В чём же для поэта красота окружающей его природы, когда «нам вдруг понятна стозвучность голосов, / Мы видим всё богатство и музыку цветов»? – Возможный ответ находим в предисловии К. Бальмонта к книге стихотворений Ш. Бодлера (М.: изд. Петровской биб­ки, 1895. С. III—IX): «…Есть натуры с детским сердцем, прозрачные, как ручей; они инстинктивно бегут от всего тёмного; их непосредственной наивности страшно всё отрицательное. Им хочется всегда видеть над собой лазурное небо, слушать серебристое пение жаворонка, смотреть на блестящих мотыльков…» (курсив наш. – А. Р.). Свойствами такой натуры несомненно обладал и он сам, не раз признававшийся:

Желаньем томясь несказанным,
Я в неясном грядущем живу,
Вздыхаю в рассвете туманном
И с вечернею тучкой плыву… (Ветер, 1895)

В глубине твоих задумчивых очей
Я ловлю сиянье гаснущих лучей.
Мимолётное живёт в них каждый миг… (1899) [3]

При этом хотелось бы выделить не столько явный авторский повтор («Я мечтою ловил уходящие тени, / Уходящие тени погасавшего дня…», 1894), сколько мелькнувшее выше определение: серебряный / серебристый, давшее название всей эпохе и однажды иронически упомянутое Чеховым в разговоре с Буниным: «Поэтами, милостивый государь, считаются только те, которые употребляют такие слова, как “серебристая даль”, “аккорд” или “на бой, на бой, в борьбу со тьмой!”» [4]. Действительно, не было, пожалуй, в начале века поэта, у которого не встречается слово серебристый. К примеру, у М. Зенкевича находим «серебристые породы», у А. Ахматовой – «вход скрыл серебрящийся тополь», у М. Лозинского – «в серебристо­чёрном парке», у В. Брюсова – и «влюблённых наяд / Серебристые всплески» (с. 34), и «в серебряной пыли полуночная влага» (с. 37), есть даже и пресловутая Луна, которая «серебрилась так ярко…» (с. 43). У Бальмонта, не исключая множественных синонимических вариаций, присутствуют «белых лилий цветы серебристые» и «звук арфы серебристо­голубой»; в менее известных стихах – и «воздушный налёт серебра» (Дрёма, 1908), и «На море – серебро, от серебра – прохлада» (К жемчугам, 1912), и неологизм «осребрённость» (Серебряный путь, 1907), и две «дочери ночи»:

Одна – в серебристых вуалях,
Другая – в лазоревых далях… [5].

«Все стихи Бальмонта, – пишет в своих «Воспоминаниях» его жена, Е. А. Андреева, – в сущности точные пересказы его душевных переживаний, чувств, мыслей и мечтаний» [6]:

…Я гасну – от себя изнемогая.
Я нежен, я утончен, я красив.
Но истинно люблю я лишь порыв,
Я в миге весь – и боль затем немая.

Прощай, прощай, воздушное мгновенье,
Я нового томительно хочу.
Я обращён к горячему лучу,
Пусть он сожжёт, но пусть мне даст забвенье! [7]

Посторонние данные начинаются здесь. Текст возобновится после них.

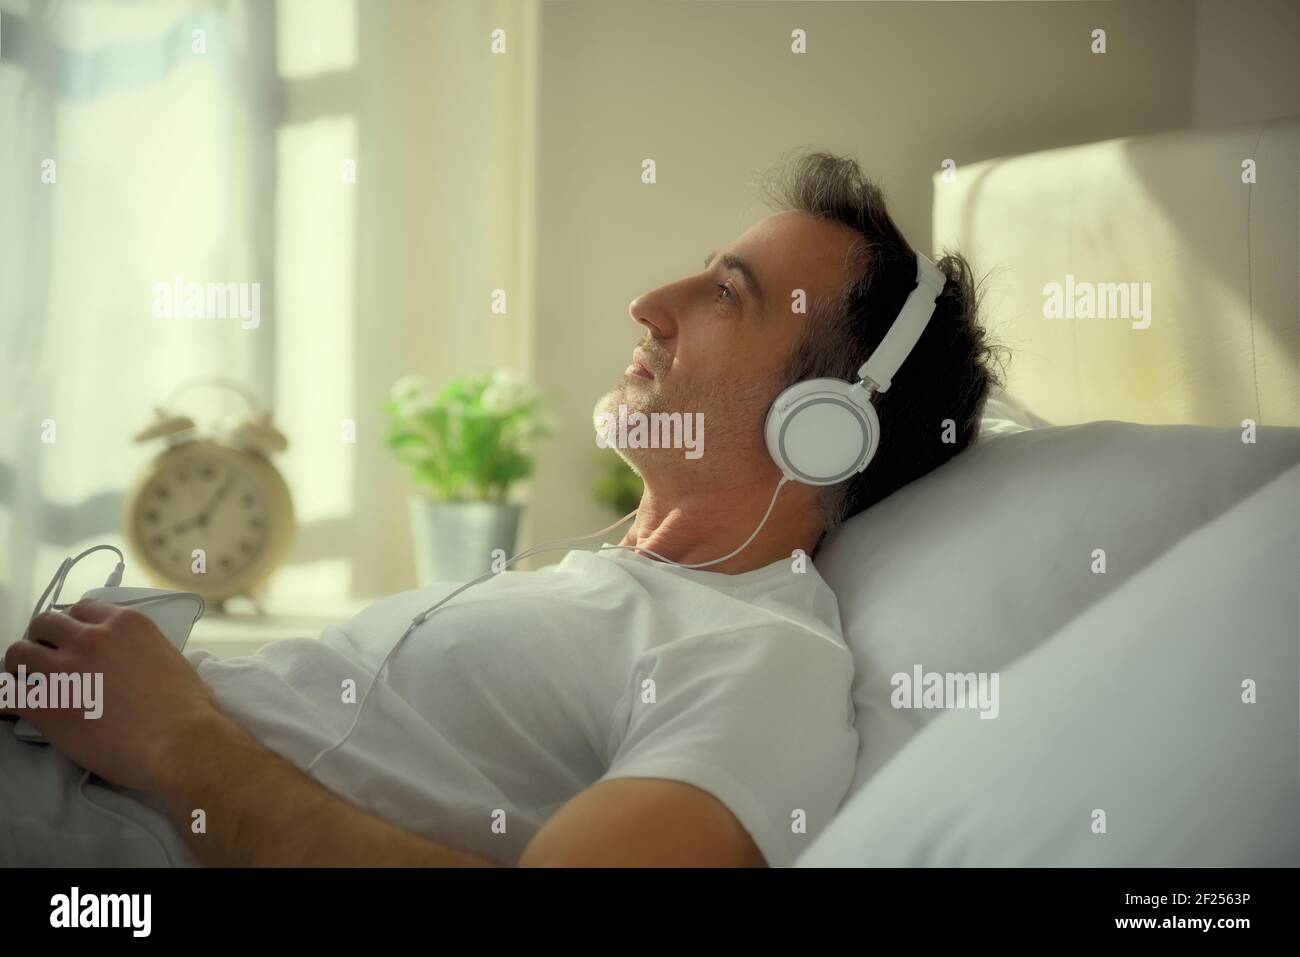 Melancholischer erwachsener Mann mit verlorenen Augen, der Musik mit hört Weiße Kopfhörer vom Handy, das auf dem Bett liegt, das hineingeht Abendlicht Stockfoto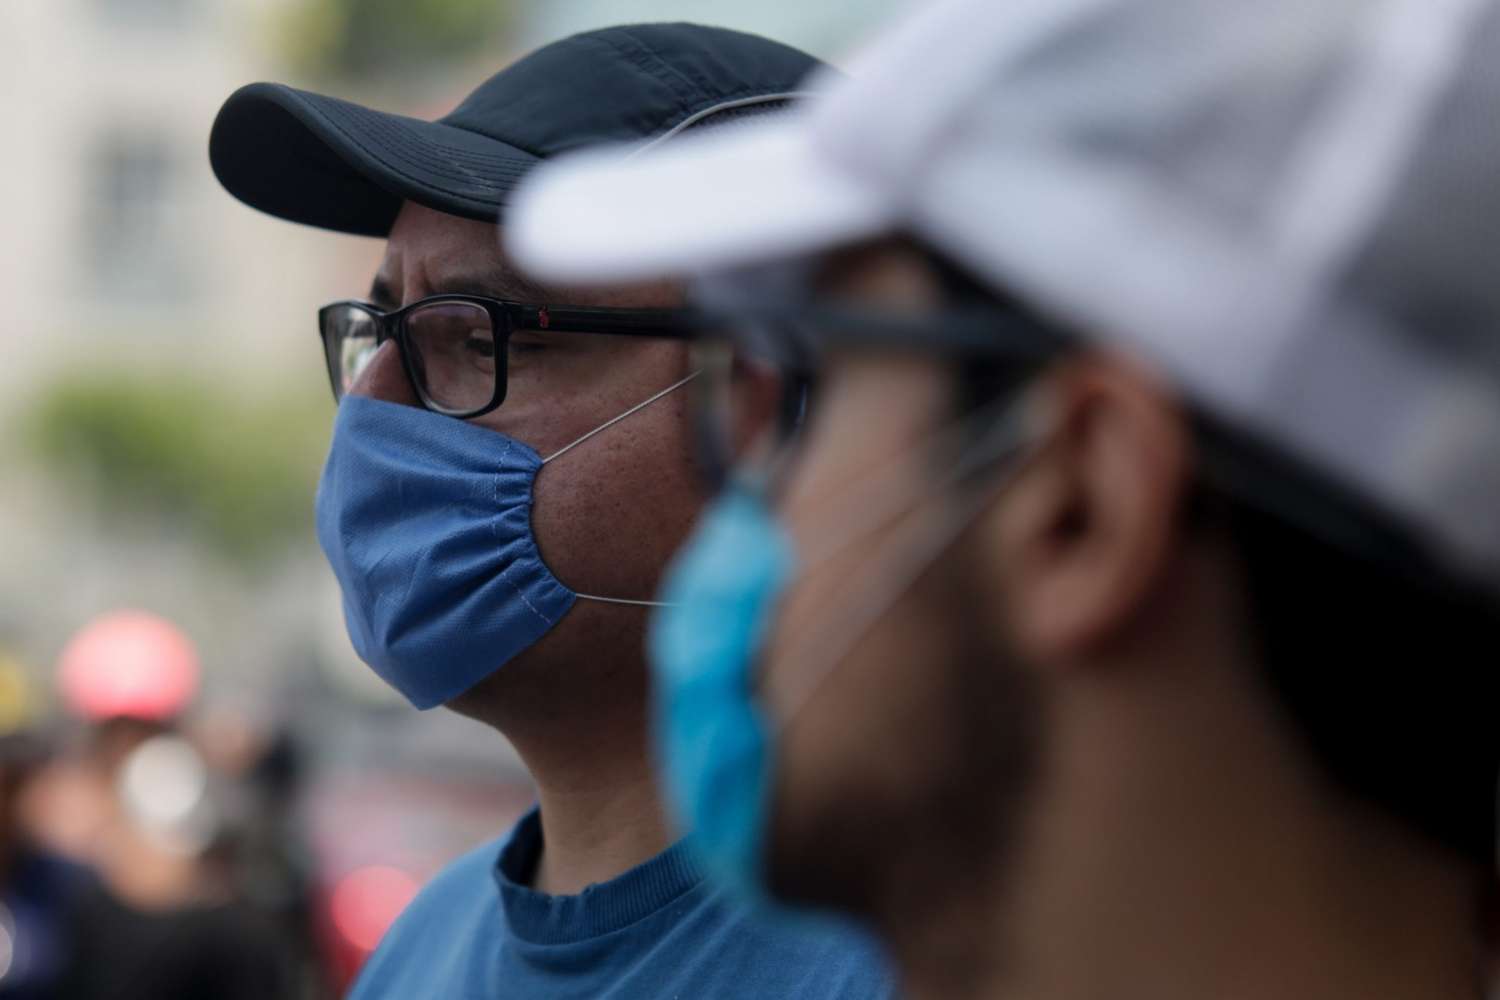 Decesos: Salud confirmó cuatro fallecimientos en la provincia asociados a la pandemia

И далее в тех же мемуарах – очень важное свидетельство: «Бальмонт отдавался каждому мгновению и жил в нём и в своём творчестве, и в своей повседневной жизни. <…> Критики отрицали в Бальмонте цельность мировоззрения, и, может быть, они были правы, если не считать мировоззрением прирождённый пантеизм Бальмонта. Но Бальмонт и не гнался за ним, не вырабатывал его в себе сознательно. Он жил мгновением и довольствовался этим, не смущался пёстрой сменой мигов, лишь бы только полнее и красивее выразить их. Он то взывал к Христу, то к Дьяволу, то воспевал Зло, то Добро, то склонялся к язычеству, то преклонялся перед христианством. Но эти противоречивые начала его не смущали, быть может, потому, что они объединялись в его чувстве космической цельности, мирно уживаясь рядом, выливаясь то в одну, то в другую форму законченного стихотворения» [6, с. 352—353; курсив наш. – А. Р.].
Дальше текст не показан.